That being said, price discovery remains a key focus of academic literature that intersects economics and mathematics. There are several canonical models in the price discovery process - each with varying levels of complexity as well as specific sets of assumptions. While these models may be a far cry from the complexity of real-world trading, studying the behavior of prices in these models help traders better understand the markets in which they trade. In this article I hope to outline several of these models in varying levels of details, starting with the essential Glosten Milgrom Model. For this model, I will dive into the mathematical deriviations of key results.

Glosten Milgrom (1985)

We start with a simple framework, as follows:

Setup

1. There is a single security that has a fair value of one of two possible values, $V_H$ with probability $\theta$ or $V_L$ with probability $(1-\theta)$ where $V_H > V_L$.

2. Currently,before any market orders are observed, it is trading at $V_0$ which is the expected value computed as follows: $\begin{align*} V_0 &= \theta V_H+ (1-\theta) V_L\\ \end{align*}$

3. There will be a single order for one share that will arrive at time t. This sort of setup is used in various One Period Models

4. There are two types of traders placing these orders, an informed trader who knows what the true value of the security, and a liqudity trader who has no knowledge of the true value.

5. The probability that any given order comes from an informed trader is $\pi$ and coversely the probability that any given order froms a liquidity trader is $1-\pi$.

6. If the fair value of the security is $V_H$, the informed trader will buy with probabililty 1, and sell with probability 0 (and vice-versa if the price of the security is $V_L$.)

7. Regardless of fair value, a liquidity trader will buy and sell with probability 0.5.

8. The market maker responsible for quoting the bid and the ask prices is risk neutral

Order Flow and Fair Value

Given this setup, we can start analying how order flow affects a market maker’s quotes.

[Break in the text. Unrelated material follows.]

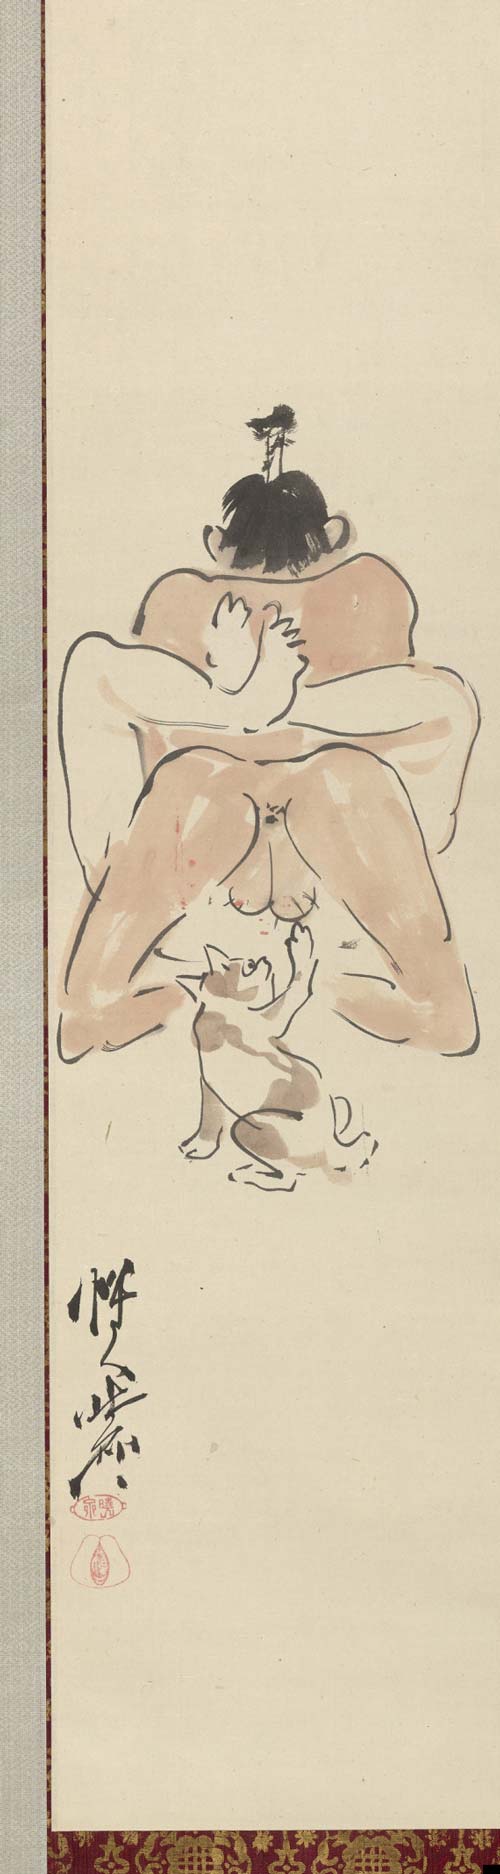 5. Сюнга— эротическая гравюра укиё-э.

We start with the following dynamic.

$$\begin{align*} a_t &= V_t^+ = E(V|d_t = +1) \\ b_t &= V_t^- = E(V|d_t = -1) \end{align*}$$

Where $a_t$ and $b_t$ reflect the Ask and Bid respectively, and $d_t$ represents the direction of an order, where +1 represents a Buy and -1. Here we see that the ask represents the market maker’s expected fair value of the security, given that they reveived a buy order, and vice-versa for the bid. Let’s look at finding closed form representations of these expected values.

We start by looking at the conditional probability that the fair value of the security is $V_H$ given that we see a Buy order.

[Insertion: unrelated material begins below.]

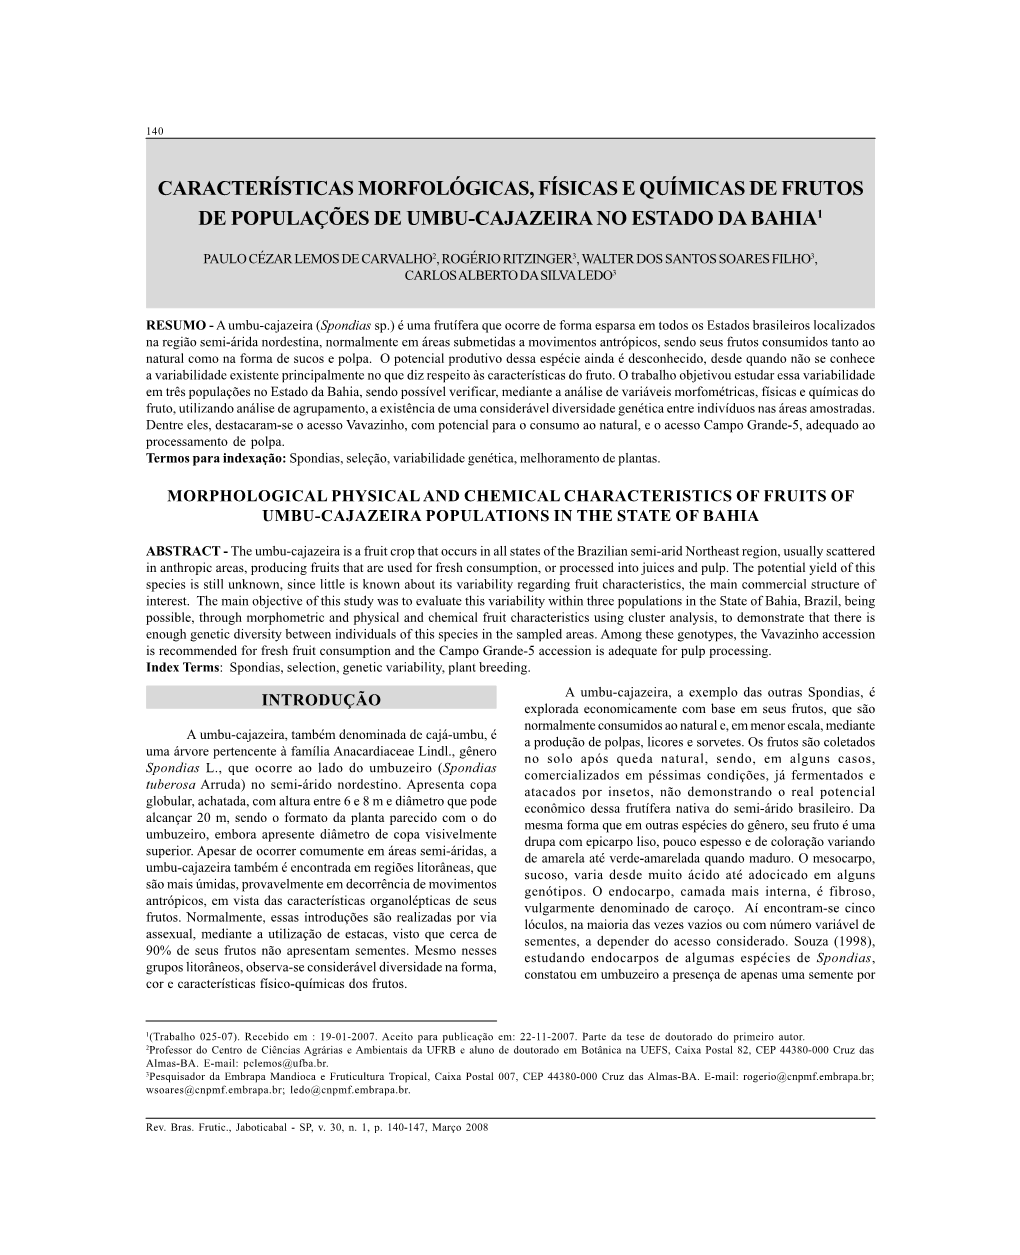 Características Morfológicas, Físicas E Químicas De Frutos De Populações De Umbu-Cajazeira No Estado Da Bahia1

$$\begin{align*} P(d_t = 1 | V_H) &= P(d_t=1 | V_H \cap \text{Inf})P(\text{Inf}) \\ &+(d_t=1 | V_H \cap \text{Liq})P(\text{Liq})\\ &= \pi + \frac{1-\pi}{2}\\ &= \frac{1+\pi}{2} \end{align*}$$

Following a similiar computation, we see that the probability of a Buy order given that the fair value is $V_L$ is just $\begin{align*} P(d_t = 1 | V_L)=\frac{1-\pi}{2} \end{align*}$ since the probability that the informed trader buys when the fair value is $V_l$ is simply 0. This simple relationship engenders an import fact about this model, and one that has strong real world implications.

Order flow has a positive correlation with value. This means that if we see a sequence of Buys, the fair value of a security is more likely to be higher than its current value. Conversly, we expect a lower fair value given we observe a sequence of sell orders.

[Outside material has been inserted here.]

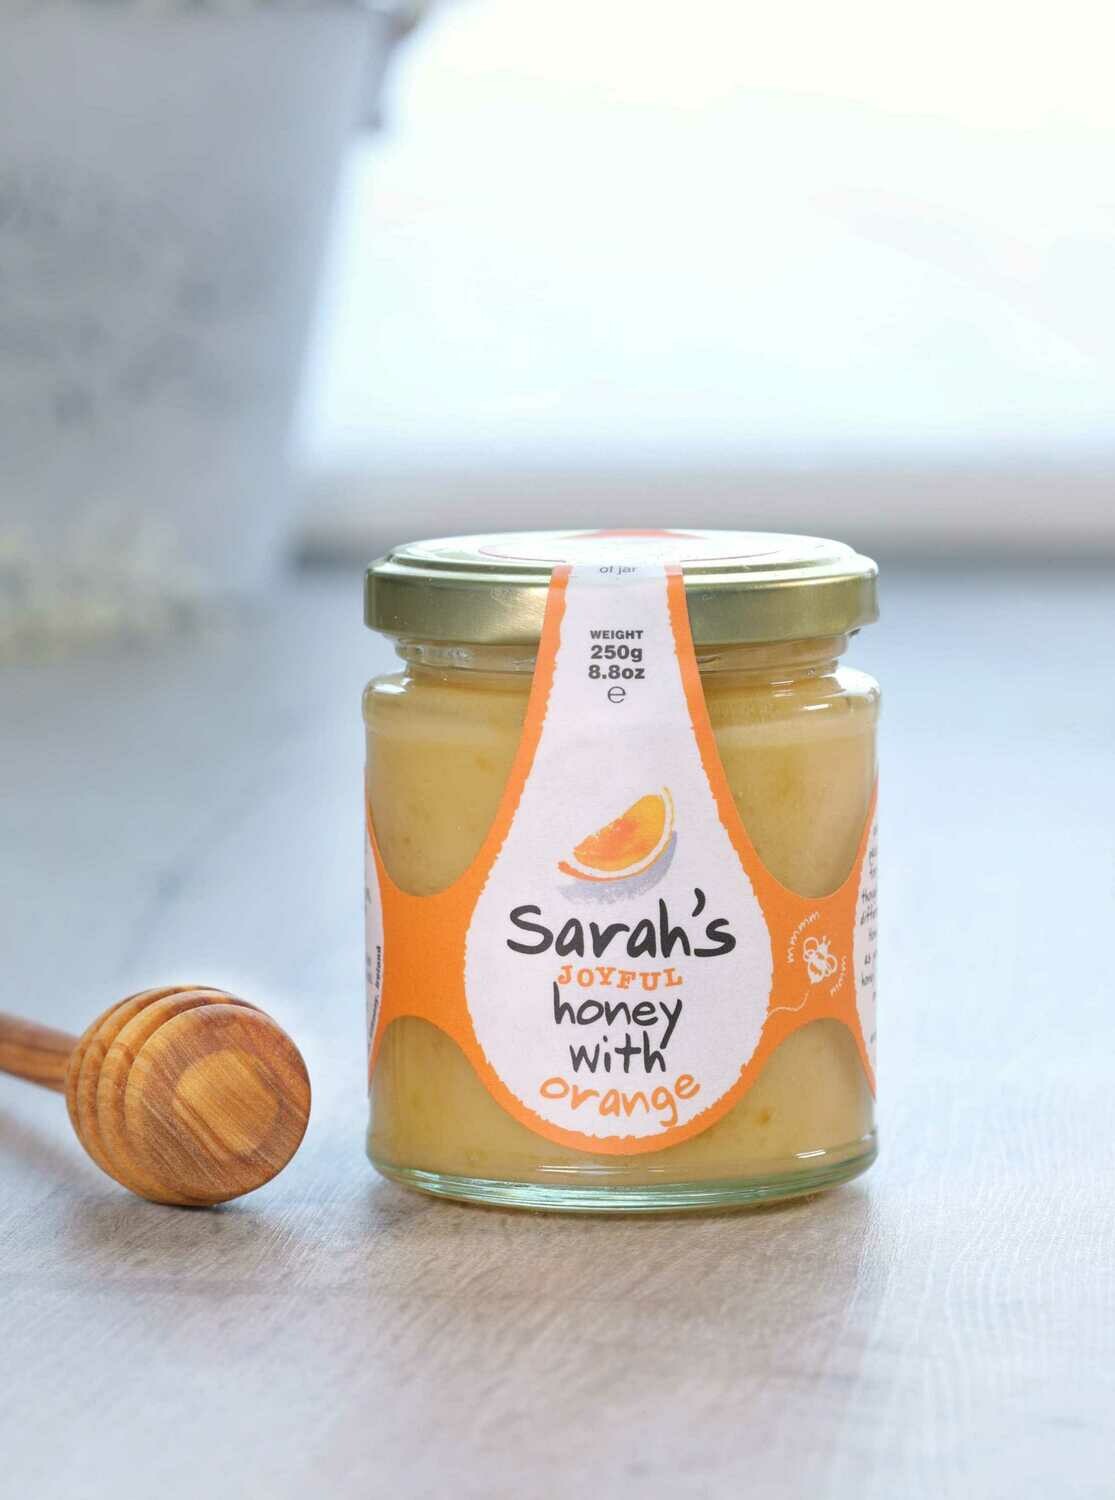 Sarah's Joyful Honey with Orange

Finding the Bid-Ask Spread from the Glosten Milgrom Model.

Now that we know order flow is possitively correlated with value, how can market-maker’s use this information to determine their bid-ask quote? I turn your attention back to point 8 in our framework setup where we specified that the marker-maker’s are risk neutral. This means that the market-makers expects to break-even, i.e make 0 profit, on average!

Suppose that an Buy order is sent in, getting executed at the market-maker’s Ask quote. Either this buy was sent by an informed trader in which the market-maker can expect to lose $a_t - V_H$, since the informed trader would only buy if the fair value was $V_H$. On the other hand, if this buy order was sent in by a liquidity trader, , then the market-maker doesn’t gain any more insight as to whether the fair is $V_H$ or $V_L$, so on average they can expect to make $a_t - V_0$ off of liquidity traders. The expected profit gained from trading with liquidity traders needs to offset the expected losses from trading with informed traders. Using this, we can find a closed form solution for $a_t$. In the below prood, let $E(\text{Prof}_B)$ be the expected value for profit given a buy order, $\text{Inf}$ represent informed trade, $\text{Liq}$ represent liquidity.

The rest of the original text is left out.